[Ads-l] More on etymology of "boffin"

Ben Yagoda byagoda at UDEL.EDU
Tue Mar 22 14:52:38 UTC 2022


I don’t believe this has been mentioned before; please forgive me if it has. In a 1953 article (mentioned by Stephen Goranson), Robert Watson-Watt wrote of the etymology of “boffin", “I am sure it has nothing at all to do with that first literary 'Back Room Boy,' the claustrophiliac Colonel Boffin, who as you remember never overtly emerged from his back room, although his voice was clearly audible from it.” (https://ieeexplore.ieee.org/stamp/stamp.jsp?tp=&arnumber=4051258 <https://ieeexplore.ieee.org/stamp/stamp.jsp?tp=&arnumber=4051258>)

In searching for (the non-existent) “Colonel Boffin” on Google Books, I came upon this excerpt from a 1991 book called Nineteenth-Century Attitudes: Men of Science, by Sidney Ross (https://www.google.com/books/edition/Nineteenth_Century_Attitudes_Men_of_Scie/gc73CAAAQBAJ?hl=en&gbpv=1 <https://www.google.com/books/edition/Nineteenth_Century_Attitudes_Men_of_Scie/gc73CAAAQBAJ?hl=en&gbpv=1>):

"While a young man in his twenties, [Thomas Henry] Huxley was assistant surgeon and unofficial naturalist on board H.M.S. Rattlesnake on its survey voyage through Australasian waters, from 1846 to 1850. In his capacity he messed in the gunroom with the midshipmen--boys between the ages of twelve and sixteen. His constant good spirits and fun, when he was not absorbed in his work, and his lack of any assumption of authority over them, made these boys his good comrades and allies. The curiosity natural to their age led to their taking a keen interest in his vocational activities, unusual in a man-of-war. As the Rattlesnake beat across the seas, Huxley trawled for specimens of sea creatures, using an improvised net.
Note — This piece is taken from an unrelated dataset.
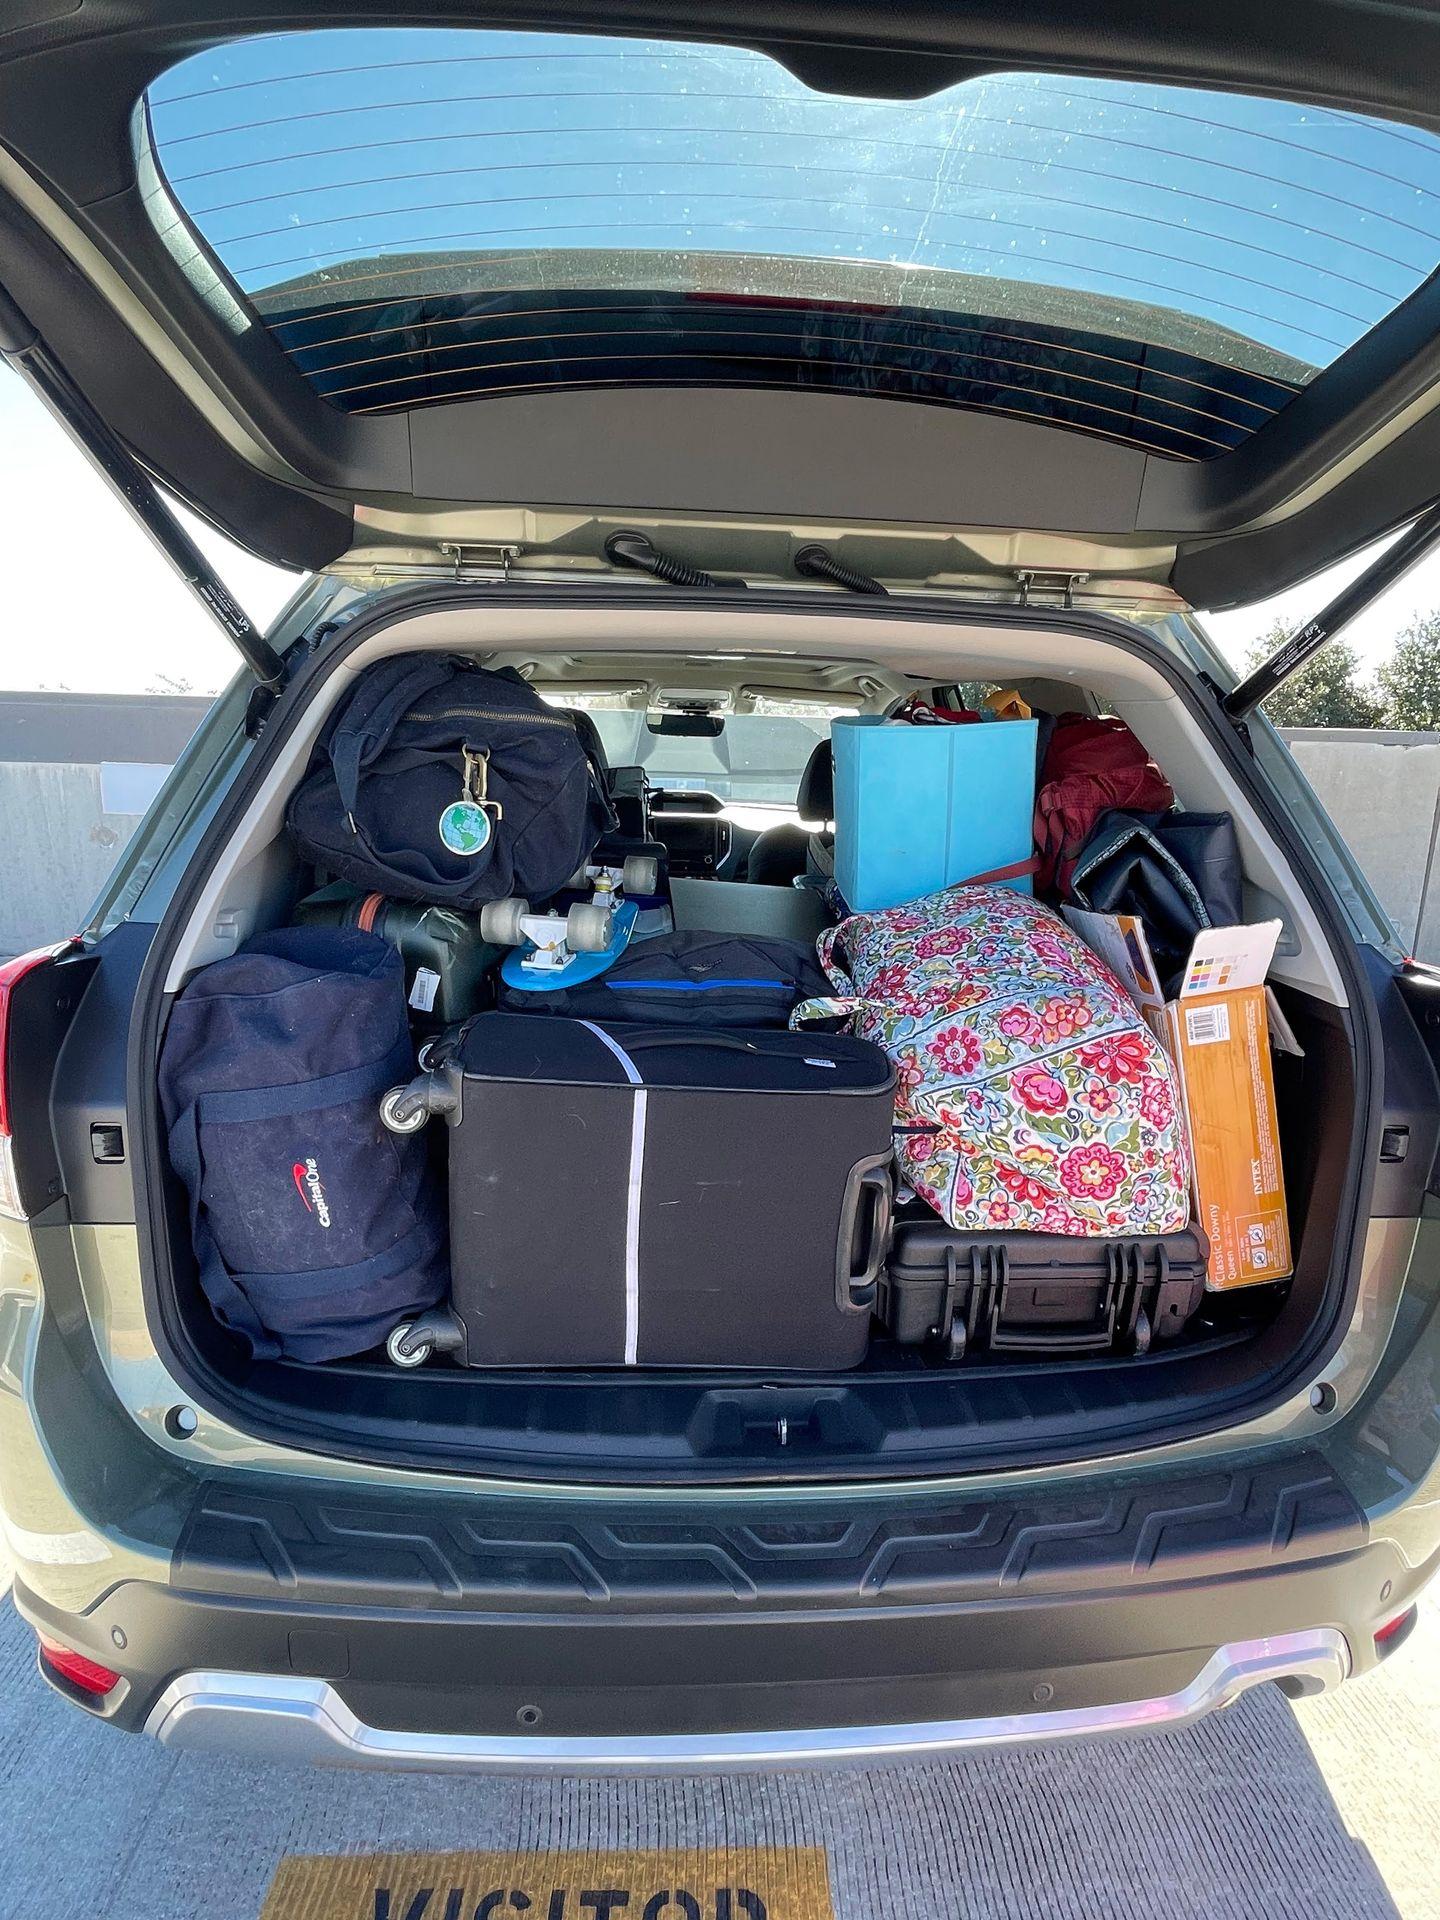 A look into the back of our Subaru, full of suitcases, duffle bags and boxes.
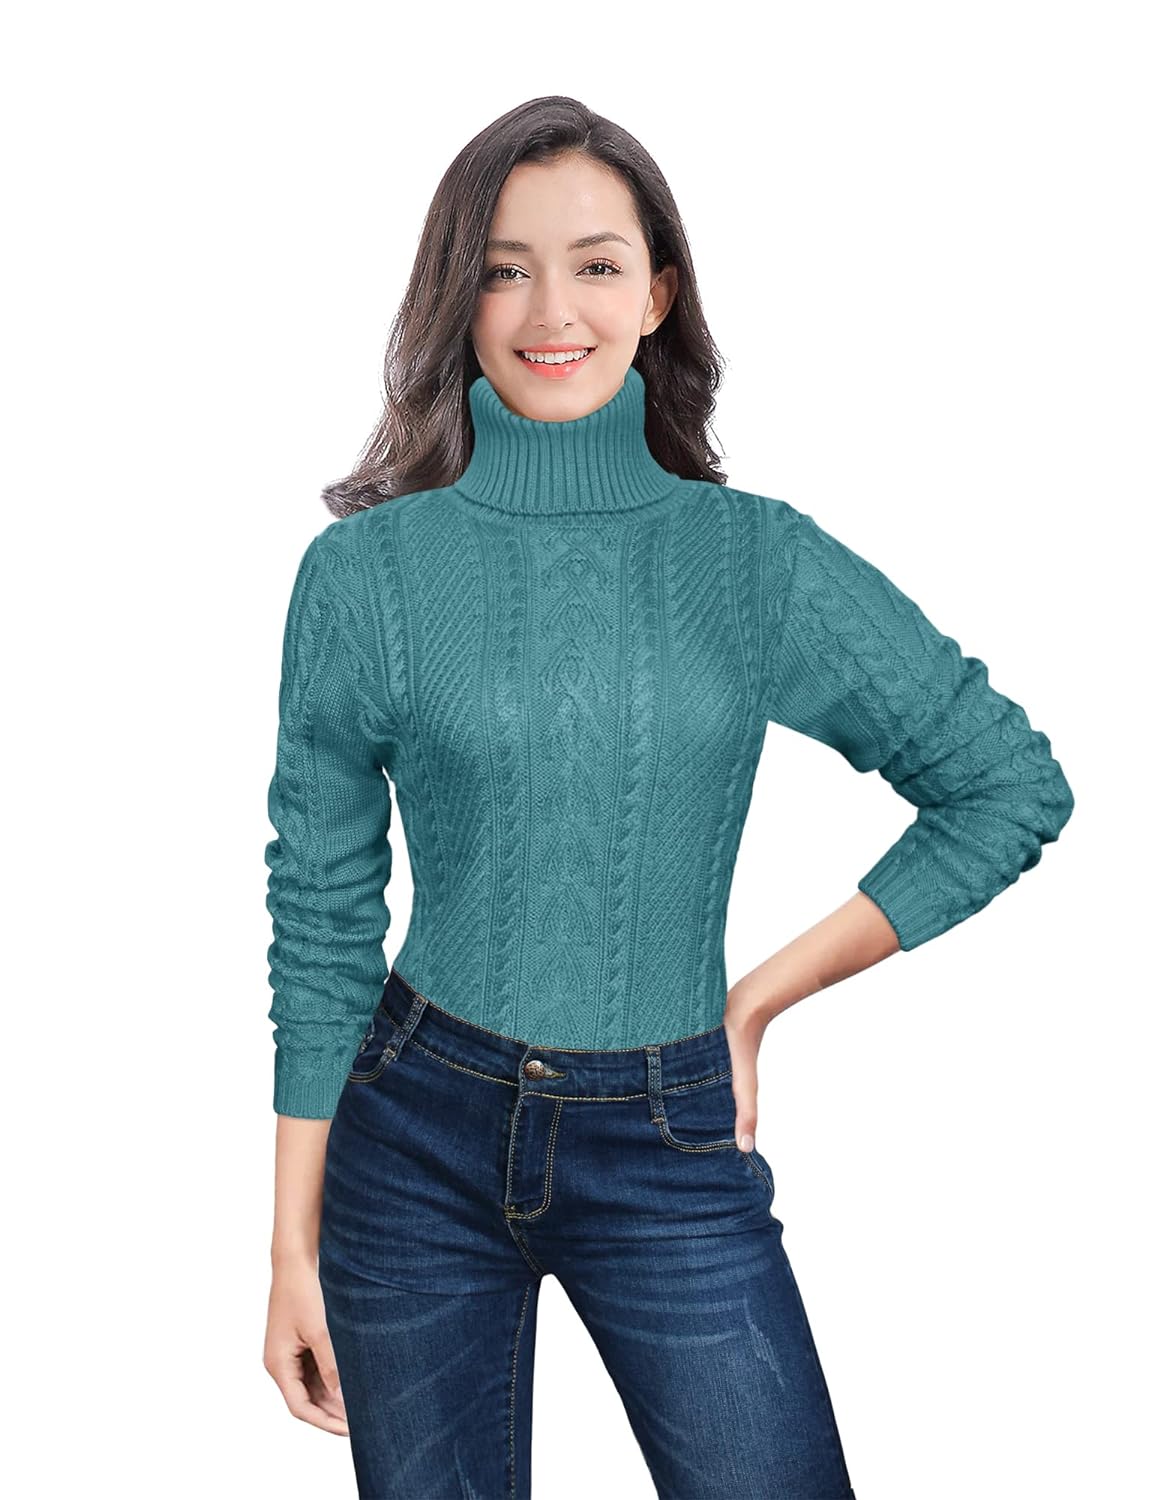 v28 Women Polo Neck Long Slim Fitted Dress Bodycon Turtleneck Cable Knit Sweater, Y Jadeblue, Small

The sailors disliked the dirt that his catch made on the deck, which it was their duty to keep clean, and they also blamed his trawling net for slowing the ship's progress. But the boys were fascinated. They took to calling his specimens ‘buffons', their attention having been drawn to the word by the sight of Huxley's copy of Buffon's Natural Hiistory, which, in a series of many volumes, displayed the name repeatedly in large gilt letters on a shelf in the chartroom. After a while even Huxley himself called the specimens his ‘buffons’.
 
"Having entered Royal Navy slang in this way, the word might quite reasonably have been transferred from the specimen to the specimen collector, and, its origin forgotten, its vowels might equally reasonably have undergone a sea change making ‘boffin' out of 'buffon'. I suppose also that the slang term was confined to the esoteric vocabulary of sailors for a hundred years, until the rise of the boffins in the second world war brought it to the attention of the general public."